Dataset records =>

[Start of section]

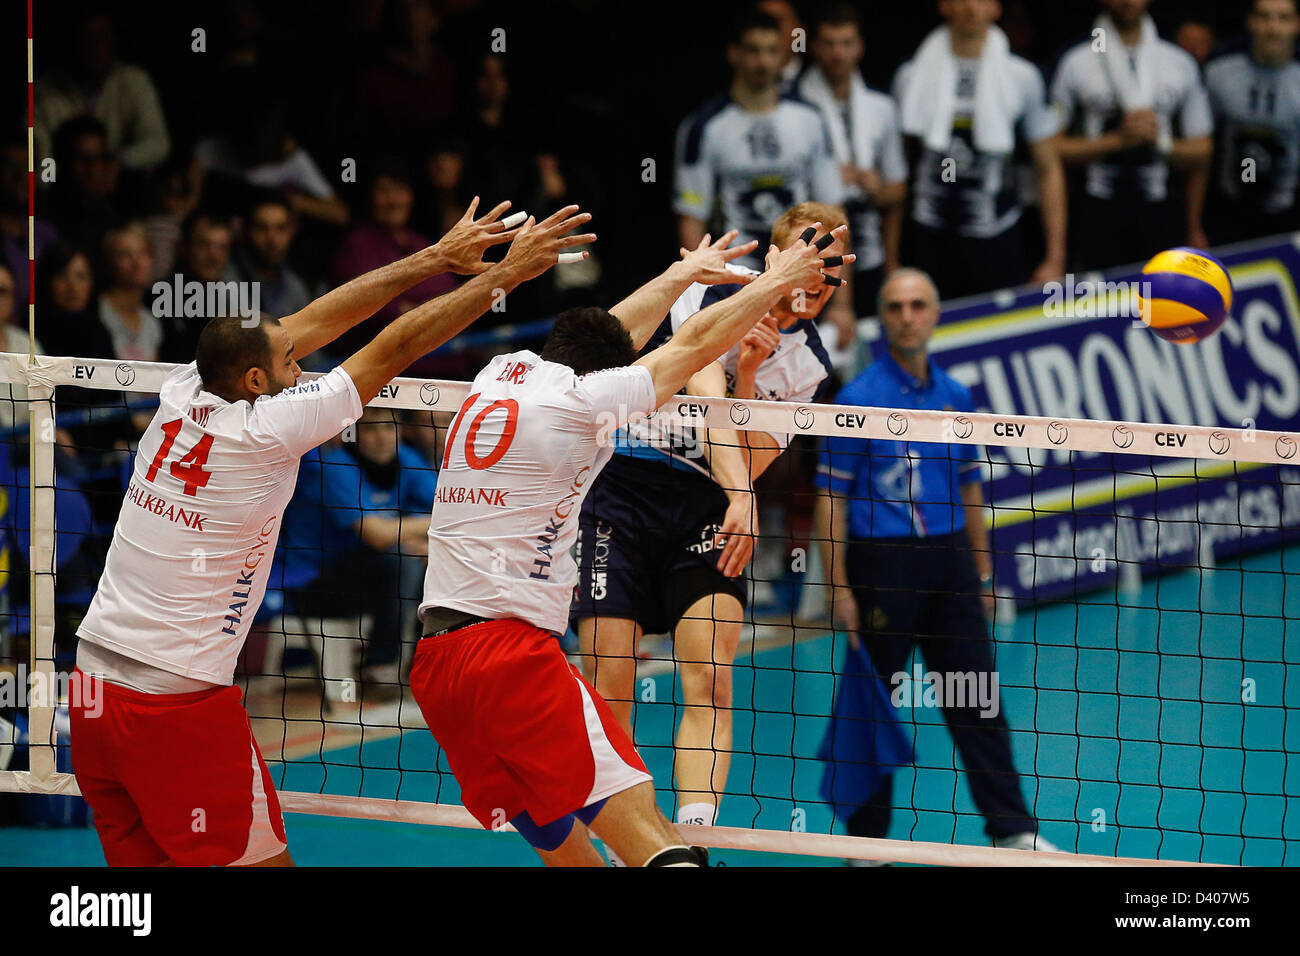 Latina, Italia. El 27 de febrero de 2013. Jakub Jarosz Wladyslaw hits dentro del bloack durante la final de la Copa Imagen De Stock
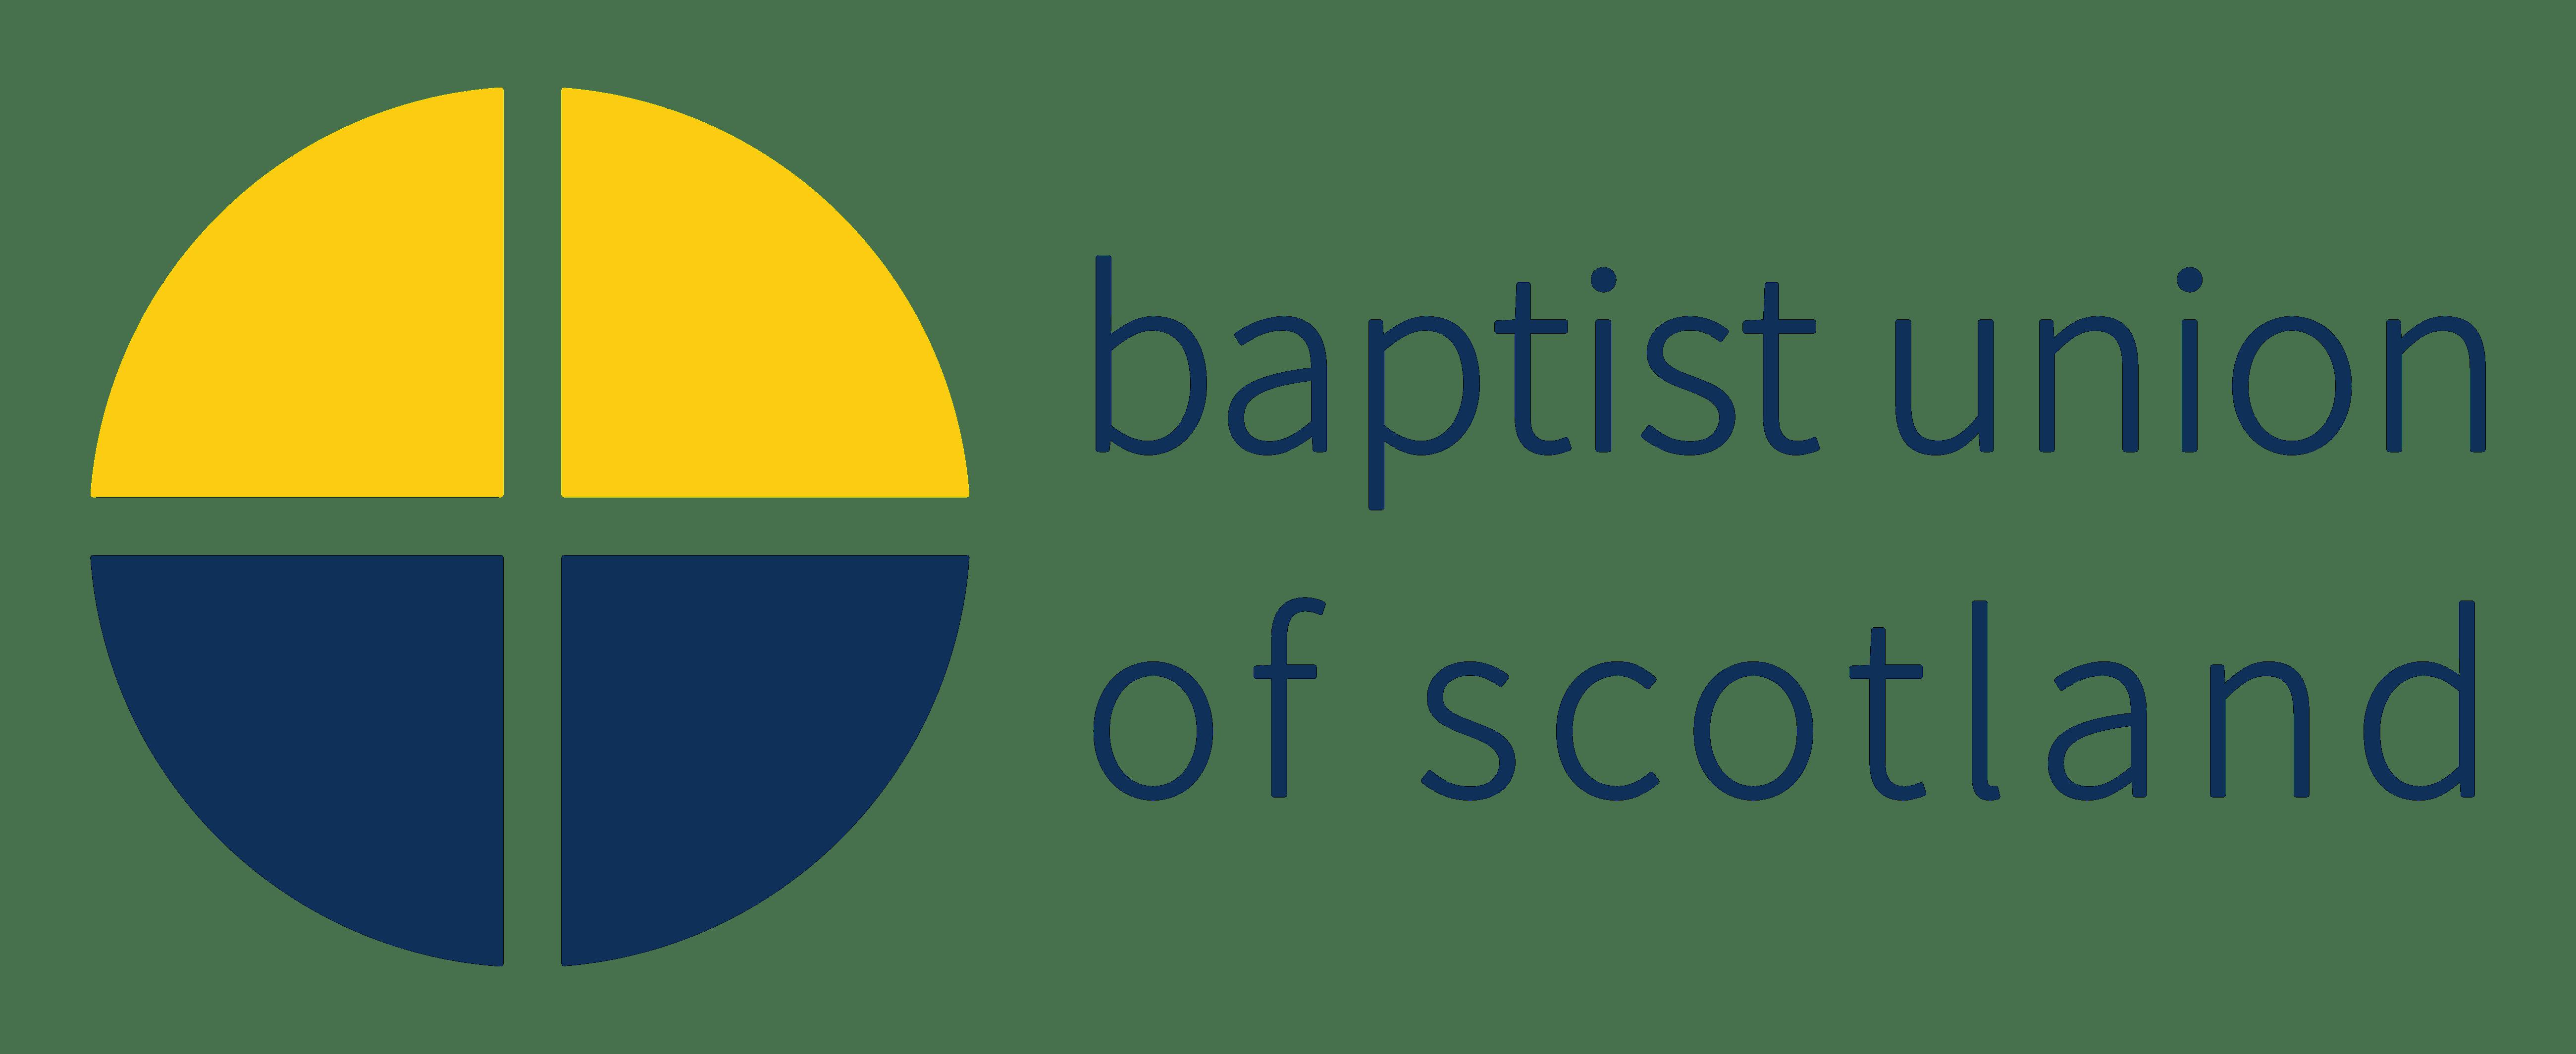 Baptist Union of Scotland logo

[End of section]
[Start of section]

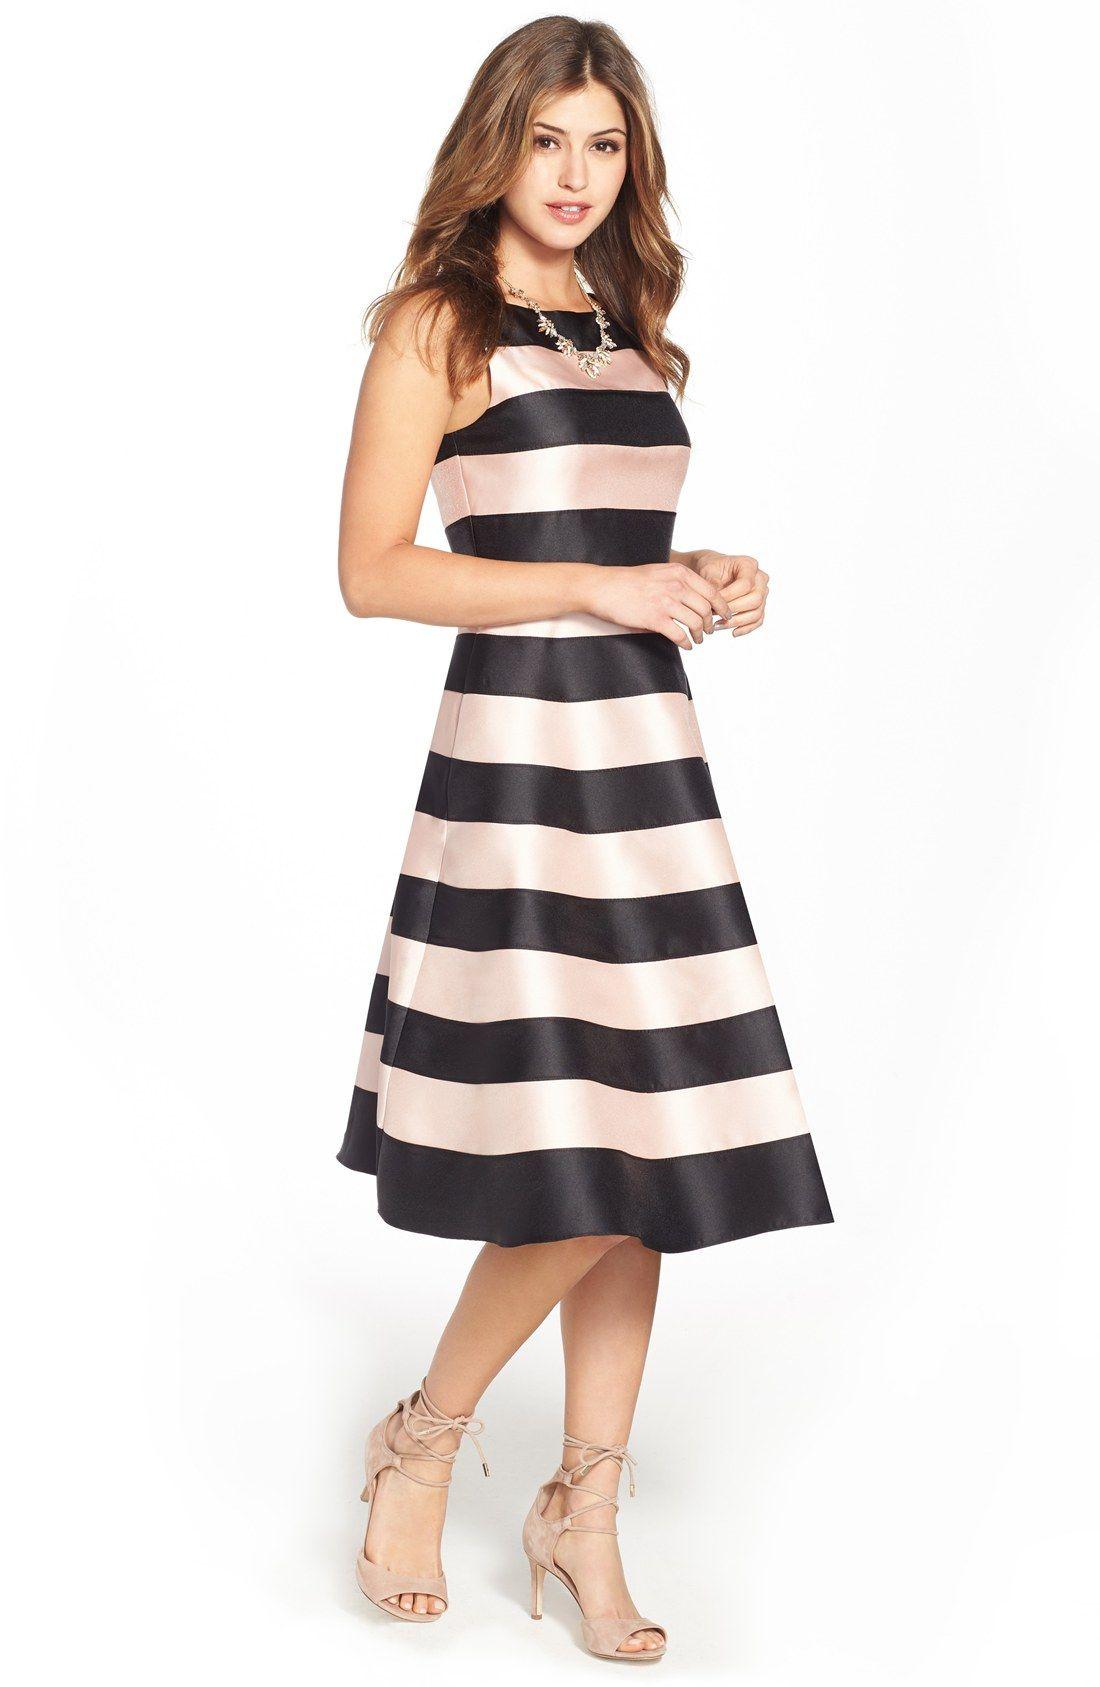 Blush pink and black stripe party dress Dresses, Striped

[End of section]

Aim of the exercise =>
Copy the listing above exactly, but only from the line with "Latina, Italia. El" through the line with "Baptist Union of Scotland logo", including those two lines and excluding any picture.

Answer box =>
 Latina, Italia. El 27 de febrero de 2013. Jakub Jarosz Wladyslaw hits dentro del bloack durante la final de la Copa Imagen De Stock
 Baptist Union of Scotland logo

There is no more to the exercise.